FA carrier or FA heterozygote: a person who does not exhibit apparent signs and symptoms of FA but whose chromosomes contain a mutant FA gene that may be transmitted to that person's offspring.

FA gene: a gene, the mutant forms of which are associated with the disease Fanconi anemia.

This definition is understood to include the various sequence polymorphisms that exist, wherein nucleotide substitutions in the gene sequence do not affect the essential functions of the gene product.

This term relates primarily to an isolated coding sequence but can also include some or all of the flanking 5' and 3' regulatory elements and/or intron sequences, and the so-called UTR-regions (untranslated regions) .

FA patient: a person who carries a mutant FA gene, such that the person exhibits clinical signs and/or symptoms of FA.

FA-I: Fanconi anemia of complementation group I.

FA-I carrier or FA-I heterozygote : a person who does not exhibit signs or symptoms of FA but whose chromosomes contain a mutant FA-I gene that may be transmitted to that person's offspring.
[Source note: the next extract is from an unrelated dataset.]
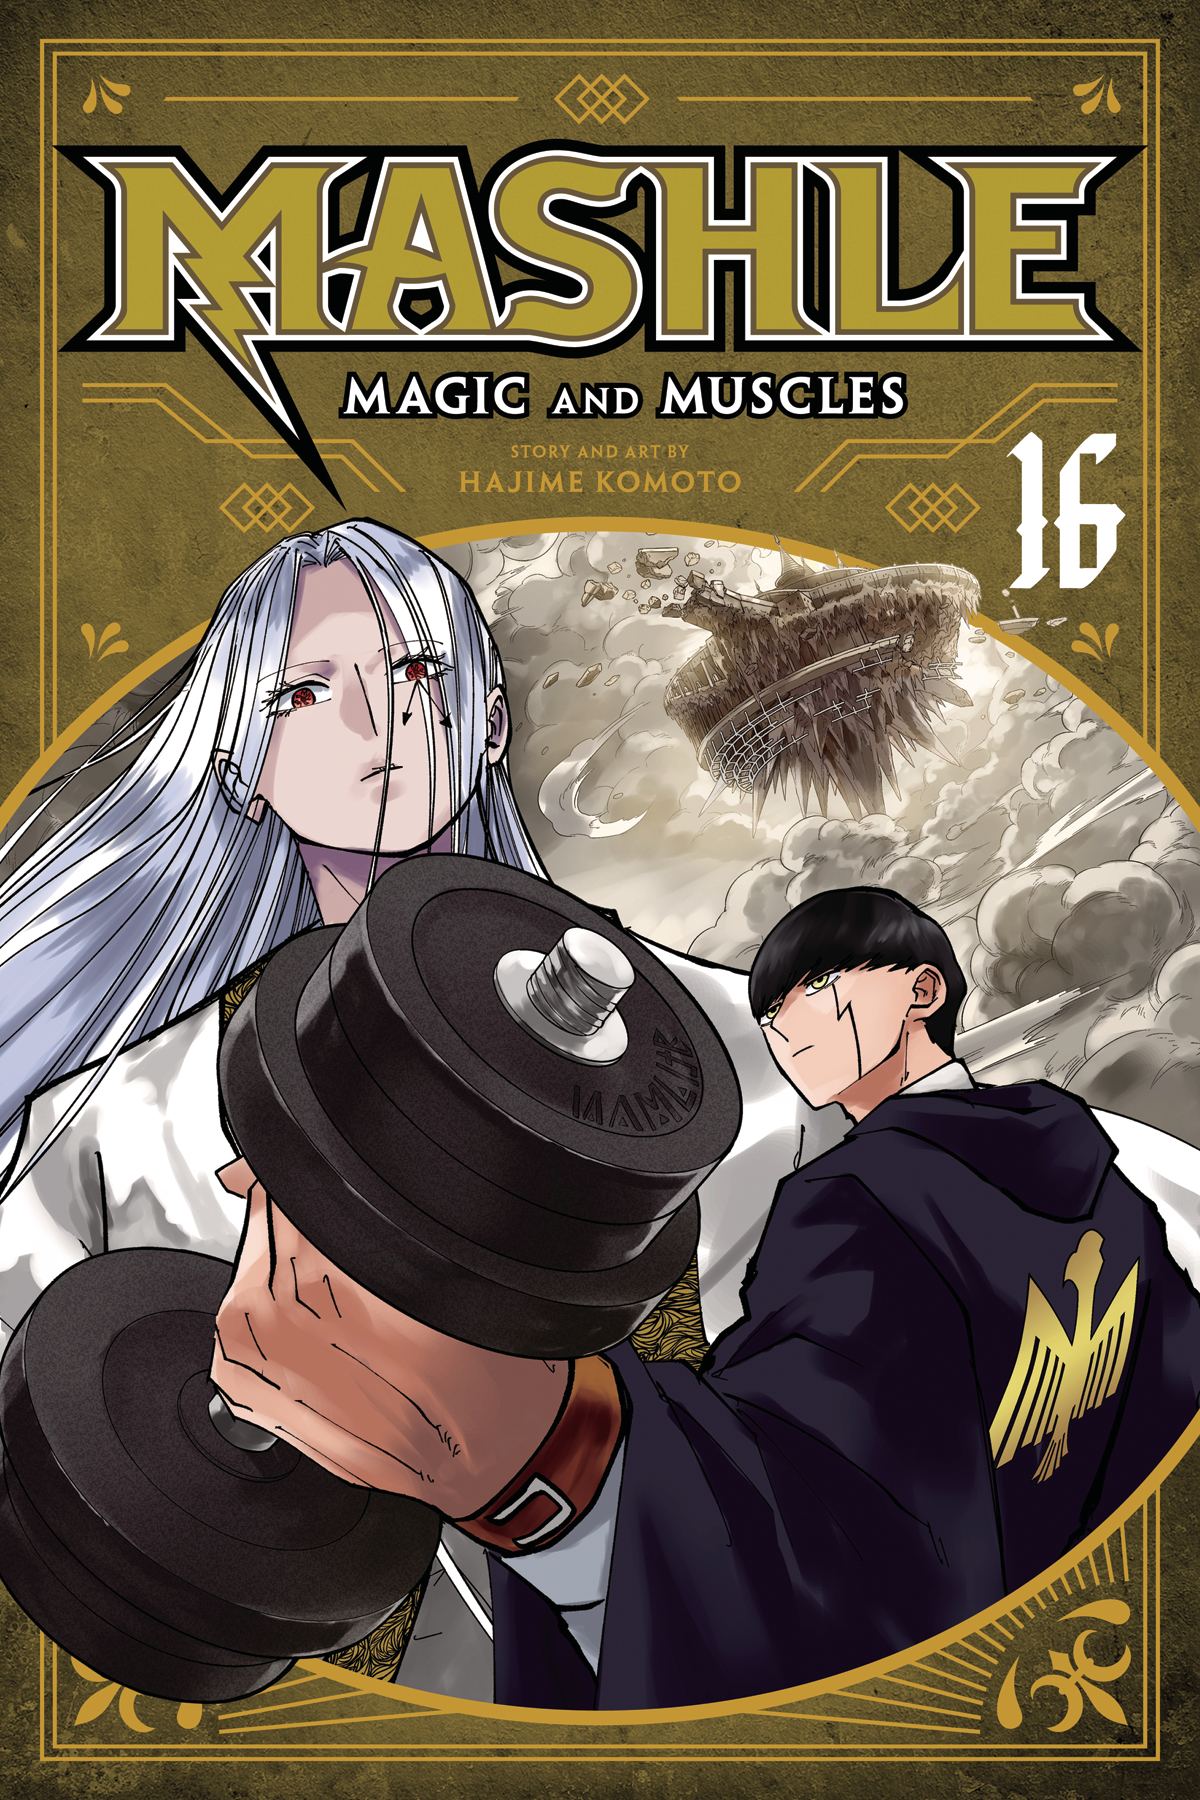 Mashle Magic & Muscles Graphic Novel Volume 16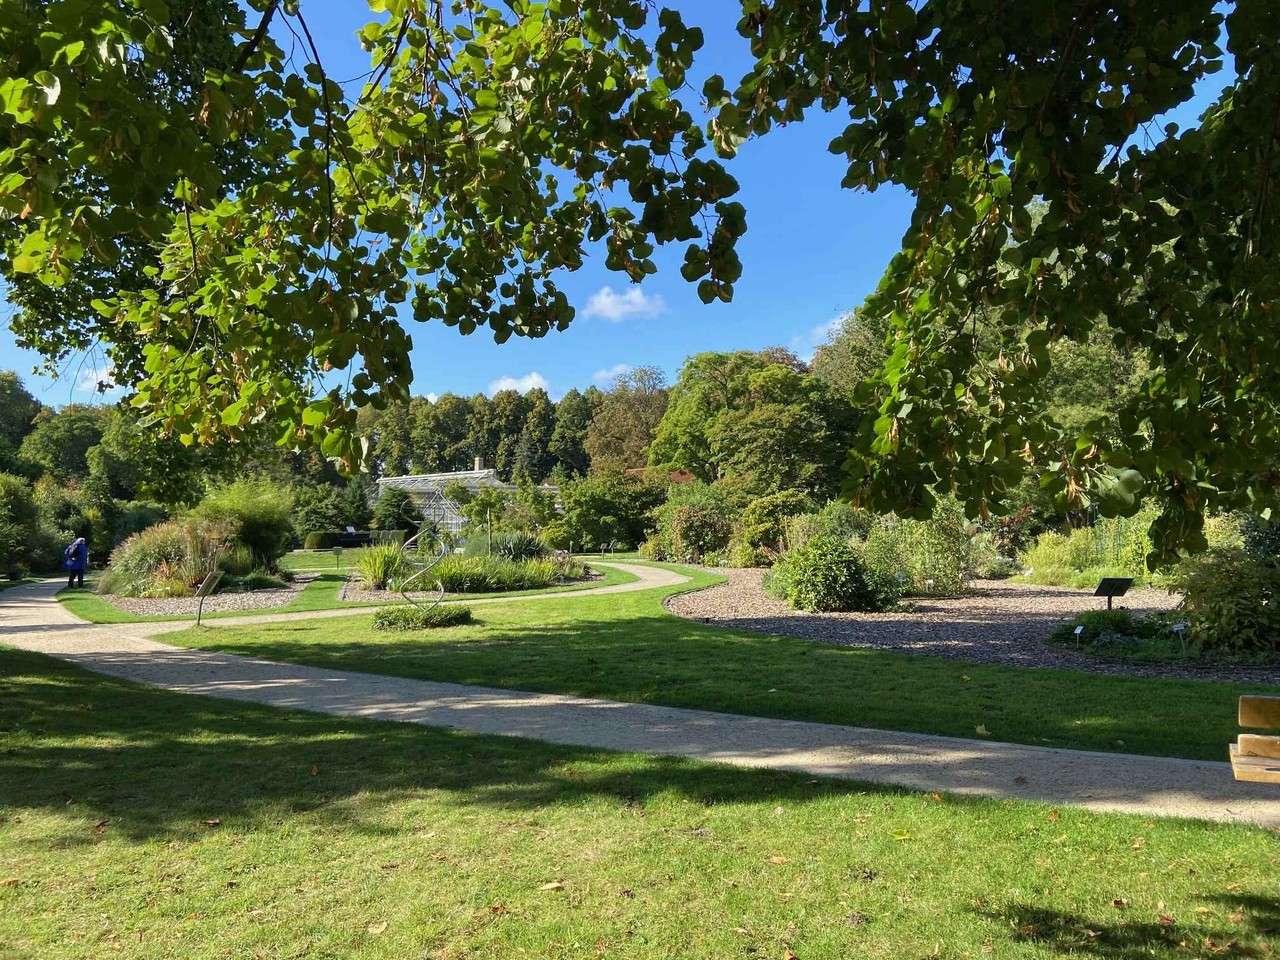 Foto des Panoramas des Botanischen Gartens mit Wiesenfläche durchschnitten von Gehwegen und Kiesbeeten. In der Ferne sind hohe Bäume zu erkennen.

FA-I gene or FANCI: the gene, present in the human genome, mutant forms of which are associated with Fanconi anemia of complementation group I. This definition is understood to include the various sequence polymorphisms that exist, wherein nucleotide substitutions in the gene sequence do not affect the essential functions of the gene product. This term relates primarily to an isolated coding sequence, but can also include some or all of the flanking regulatory elements and/or intron sequences.

FA-I cDNA: a human cDNA molecule which, when transfected into FA-I cells, is able to complement the hypersensitivity of those cells to DNA crosslinking agents. The FA-I cDNA is derived by reverse transcription from the mRNA encoded by the FA-I gene and lacks internal noncoding segments present in the FA-I gene.

FA-I protein or polypeptide: the protein encoded by a human FA-I cDNA. This definition is understood to include the various sequence polymorphisms that exist, wherein amino acid substitutions in the protein sequence do not affect the essential functions of the protein.

Intron: The DNA base sequence interrupting the protein coding sequence of a gene; this sequence is transcribed into RNA but is cut out of the message before it is translated into protein.

Mutant FA-I gene: a mutant form of the FA-I gene which is associated with Fanconi anemia of complementation group I.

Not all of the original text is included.